Task to carry out:
Using the data below, output a verbatim copy of the lines between the one holding "Cuillères jouet colorées" and the one holding "Panno per bottiglie", inclusive, without any pictures.

Supplied entries:
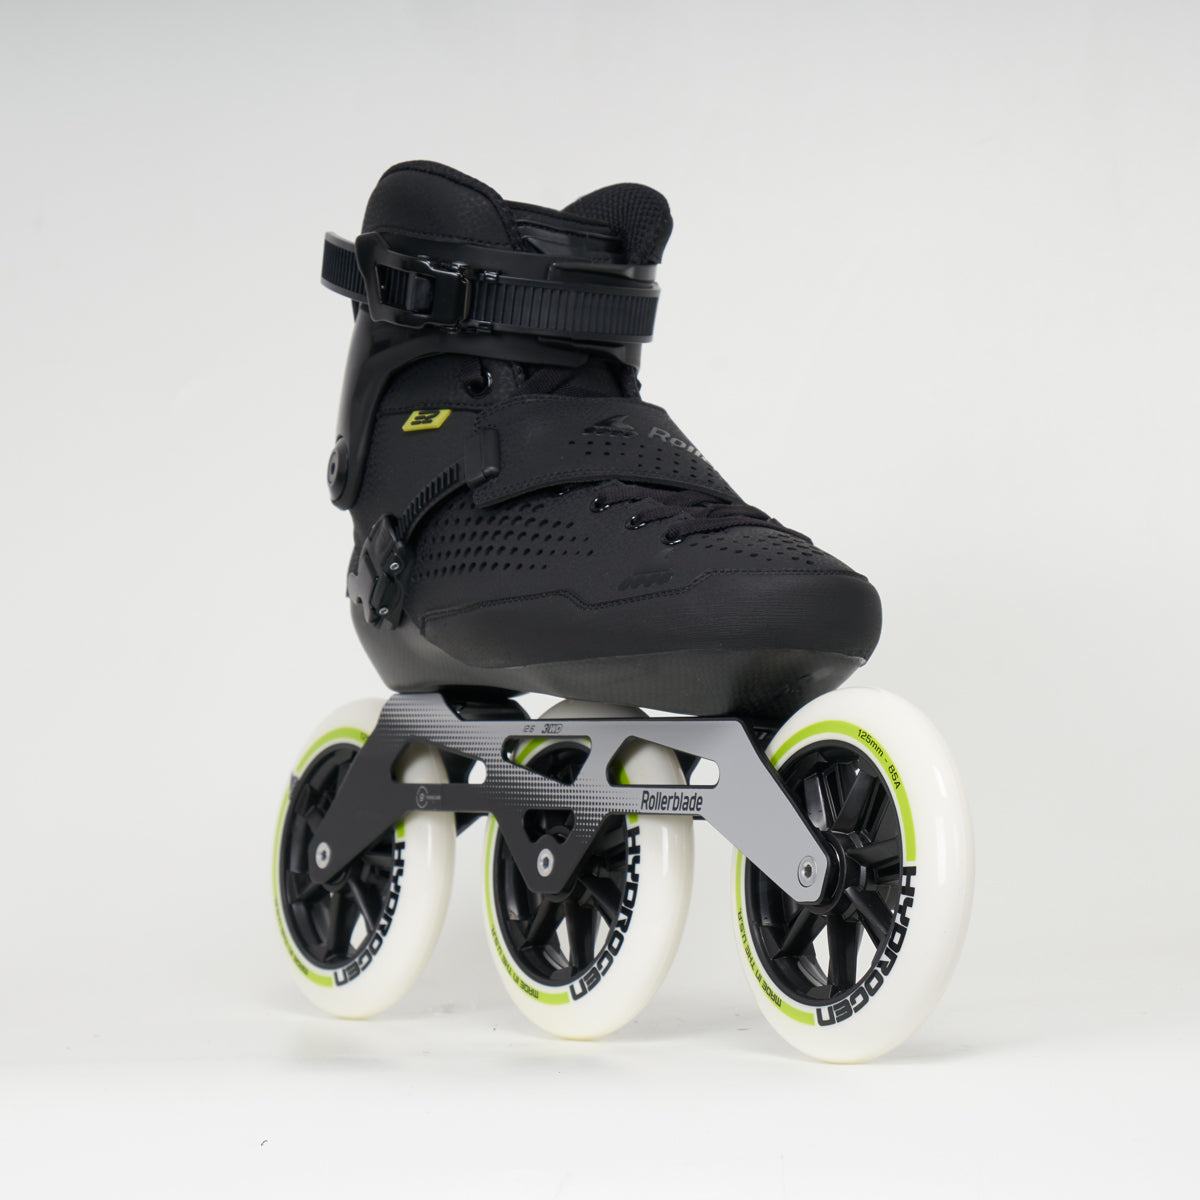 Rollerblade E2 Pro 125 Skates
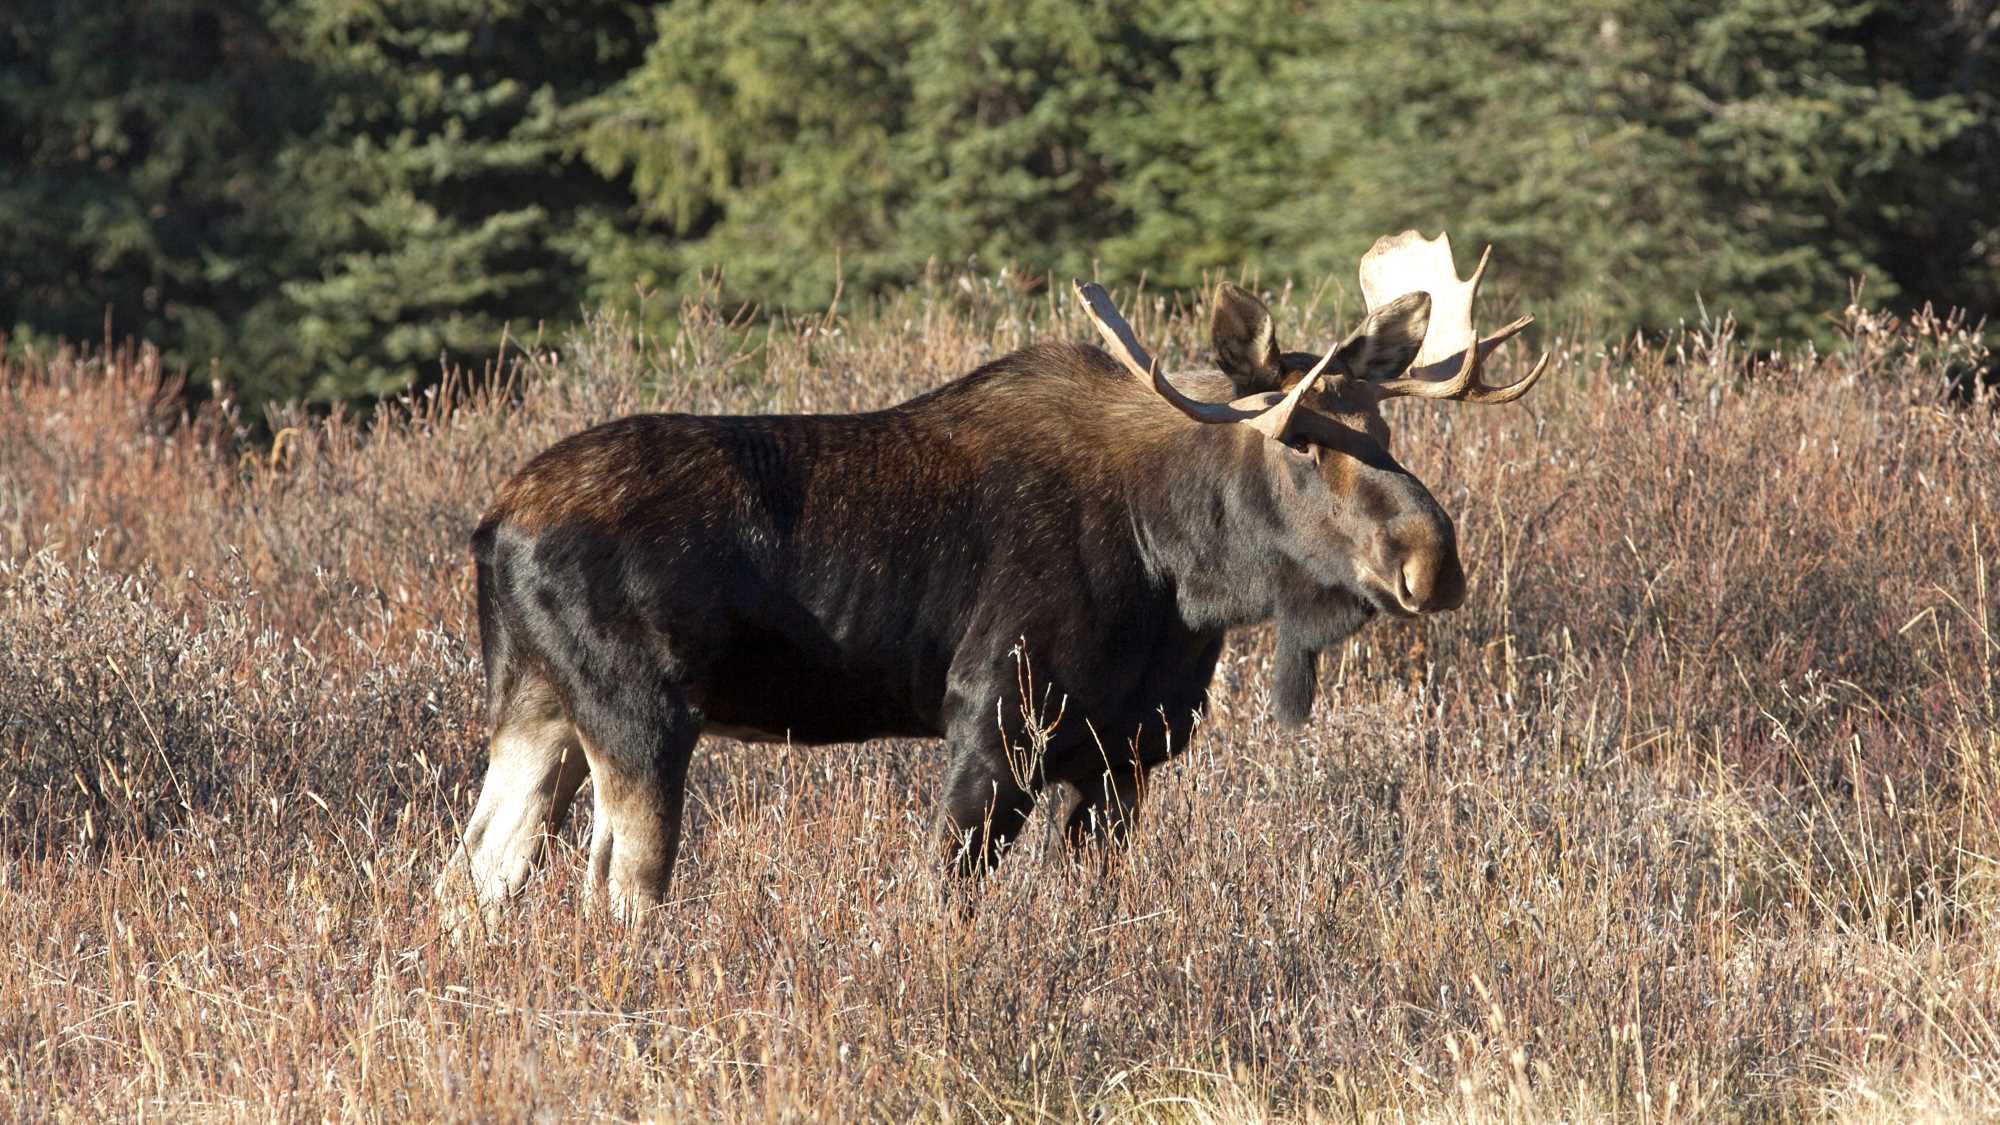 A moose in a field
---
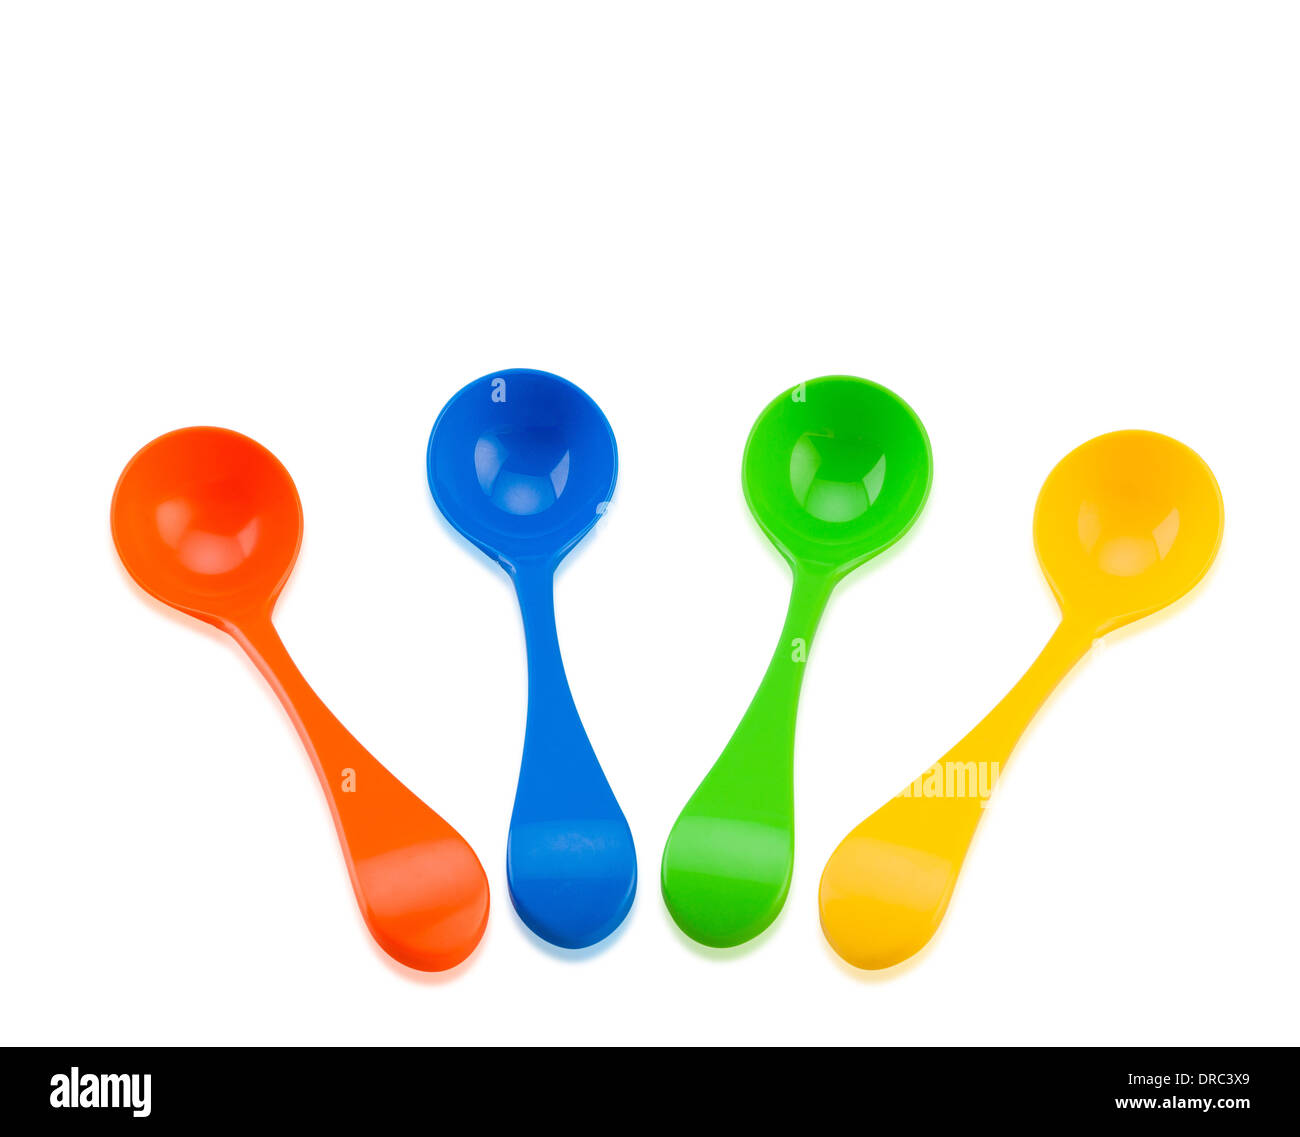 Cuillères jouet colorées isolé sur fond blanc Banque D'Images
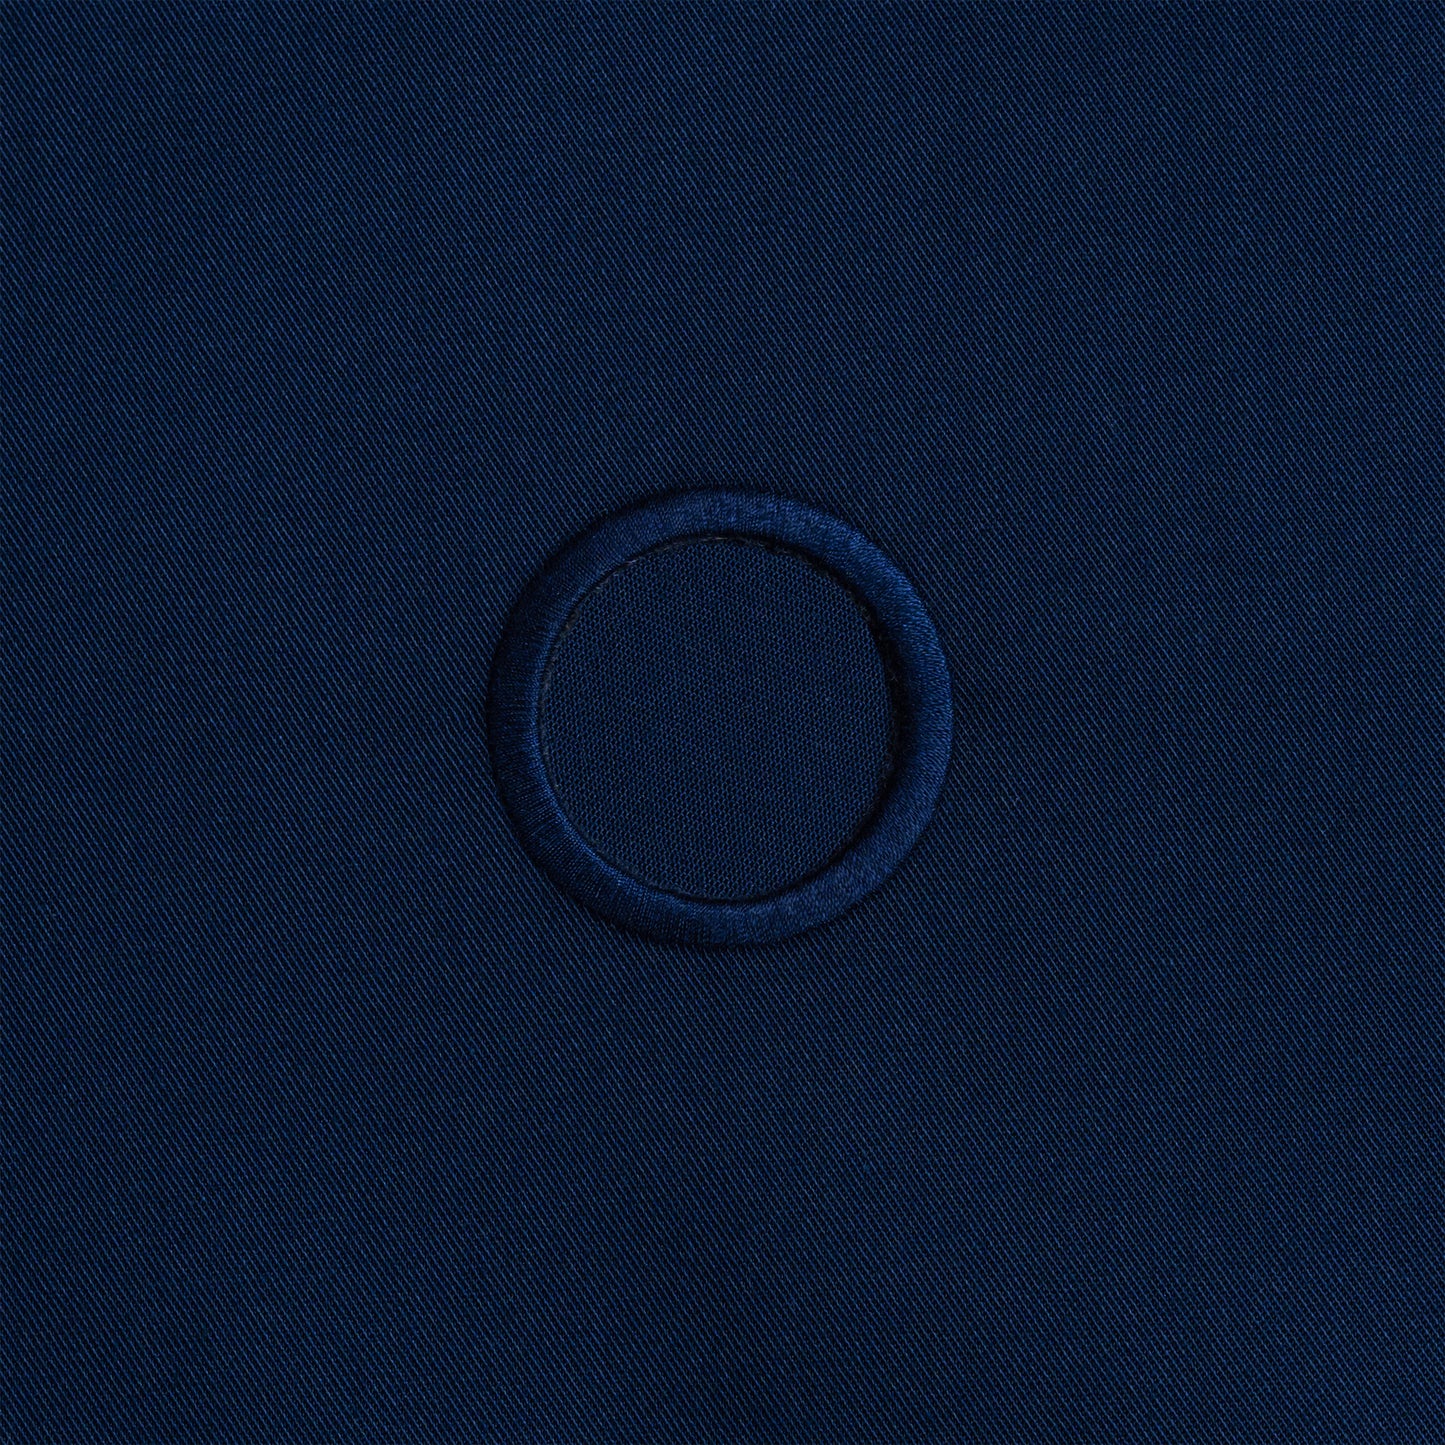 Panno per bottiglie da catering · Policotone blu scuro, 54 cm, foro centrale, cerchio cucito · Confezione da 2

Solution to this problem:
 Cuillères jouet colorées isolé sur fond blanc Banque D'Images
 Panno per bottiglie da catering · Policotone blu scuro, 54 cm, foro centrale, cerchio cucito · Confezione da 2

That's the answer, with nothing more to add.